A serious disturbance in the Gulf could still drive up prices. A recession or a resolution of tensions between the United States and Iran could see them collapse.

The result was a relative stasis in the major crude oil benchmarks, interspersed with an occasional wild swing that quickly reversed itself. Signs that the United States and Iran are seeking a resolution? Sell, sell, sell. Another tanker threatened? Buy, buy, buy. But the underlying price has not moved steadily in one direction or the other for some time.

There are some clues about what might happen next. The latest hedge fund positioning data suggests that the financial community has been rather bullish in recent weeks as net oil buyers. It is clear that a few courageous people are always willing to position themselves so that prices will strengthen, even if there is still a lot of money in reserve.

But one of the biggest warning signs for the market for a long time comes from the oil futures curve, which has weakened sharply in recent days.
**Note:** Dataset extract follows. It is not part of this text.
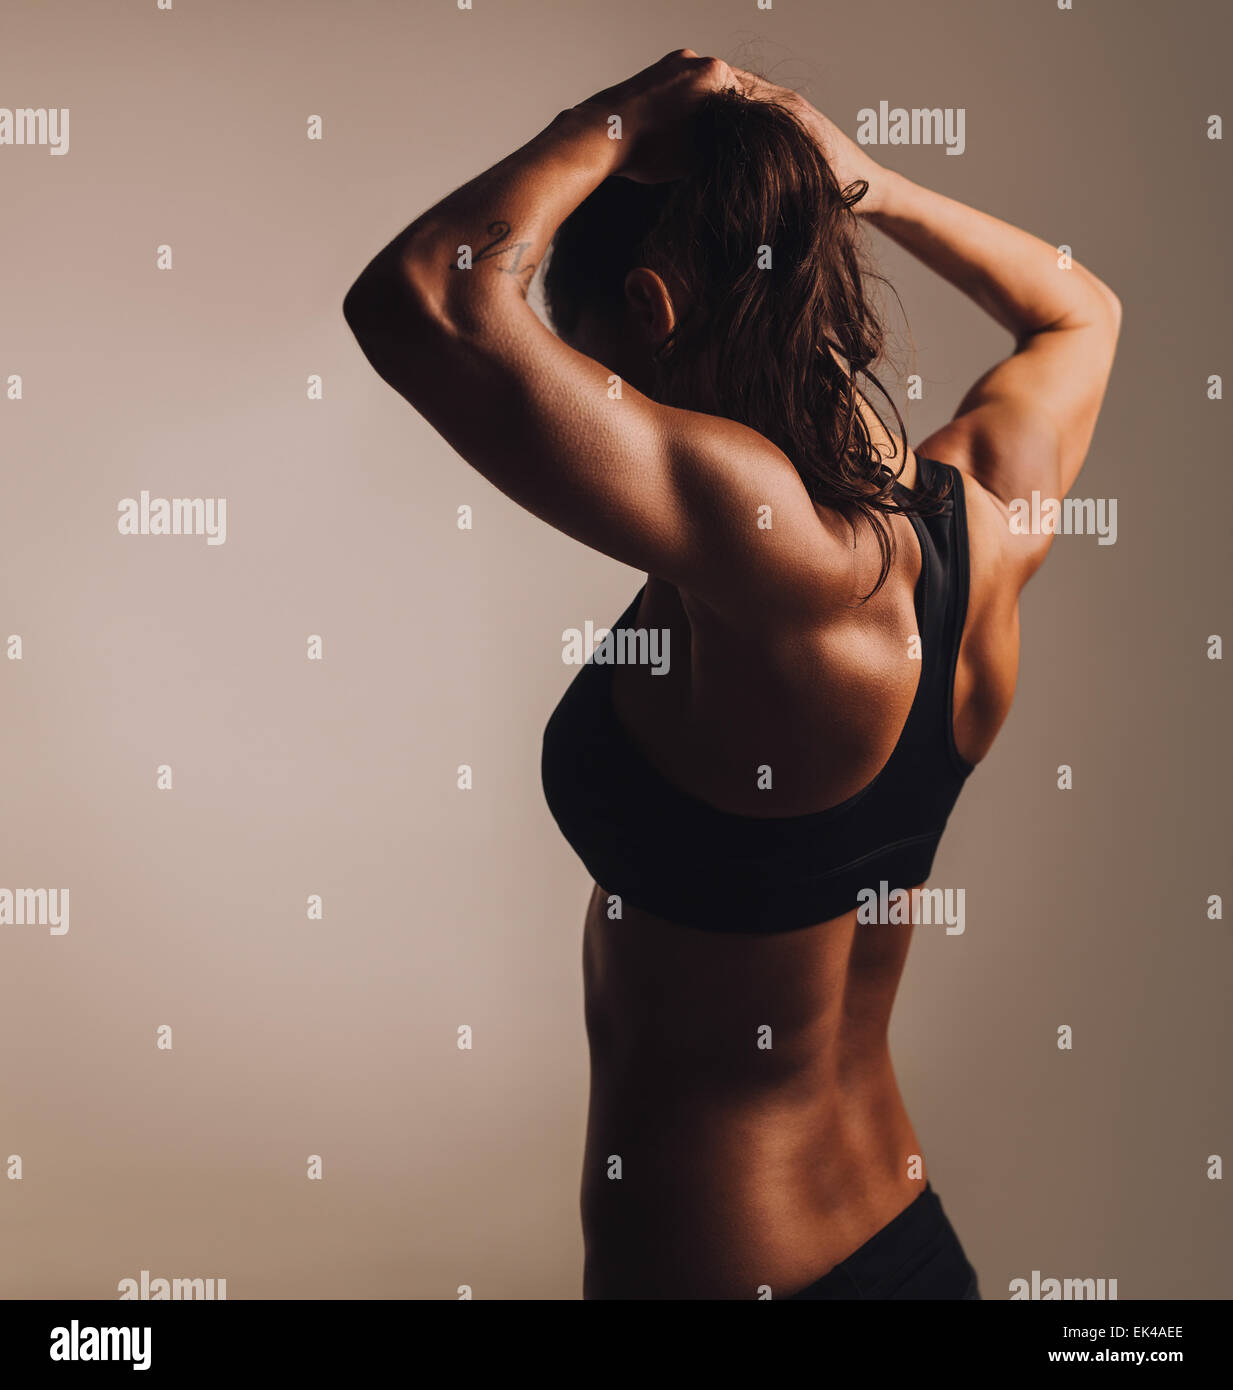 Rear view of young woman bodybuilder showing muscular body. Fitness female showing muscular back. Stock Photo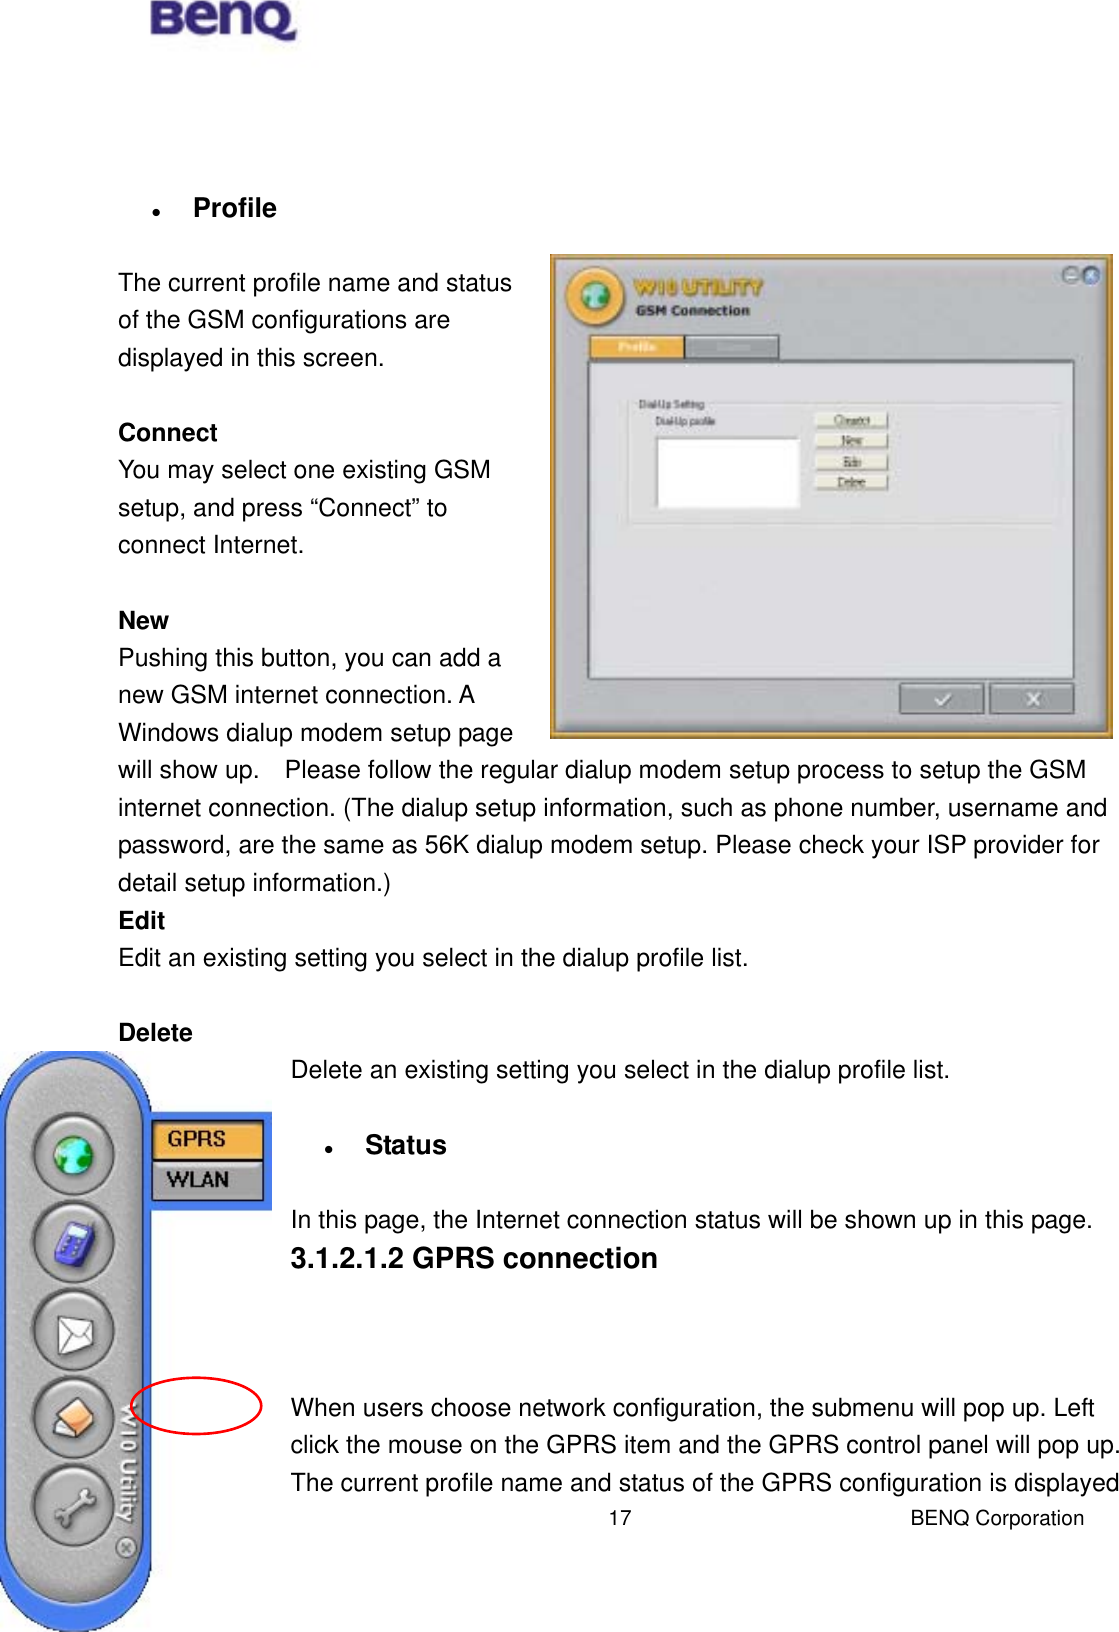  BENQ Corporation 17     Profile  The current profile name and status of the GSM configurations are displayed in this screen.      Connect You may select one existing GSM setup, and press “Connect” to connect Internet.  New Pushing this button, you can add a new GSM internet connection. A Windows dialup modem setup page will show up.    Please follow the regular dialup modem setup process to setup the GSM internet connection. (The dialup setup information, such as phone number, username and password, are the same as 56K dialup modem setup. Please check your ISP provider for detail setup information.) Edit Edit an existing setting you select in the dialup profile list.  Delete Delete an existing setting you select in the dialup profile list.    Status  In this page, the Internet connection status will be shown up in this page.     3.1.2.1.2 GPRS connection    When users choose network configuration, the submenu will pop up. Left click the mouse on the GPRS item and the GPRS control panel will pop up. The current profile name and status of the GPRS configuration is displayed

Until recently, Brent's immediate delivery contracts were trading at a significant premium – which generally indicates that supplies are relatively tight and traders are willing to pay to secure the barrels.

But this premium has largely disappeared, delivery contracts for Brent in September being almost at par with those for delivery in October, down from a premium of almost $ 1 there is no so long. Even if this evolution can be explained in part by the short-term positioning of speculative traders, it still suggests a calm on the market. Could the bearish side be quietly gaining the upper hand?

Perhaps, but the only certainty is that there is little conviction. For casual investors, the best advice is to stay clear until the dust settles, if you ever want to have a chance to relax on a yacht.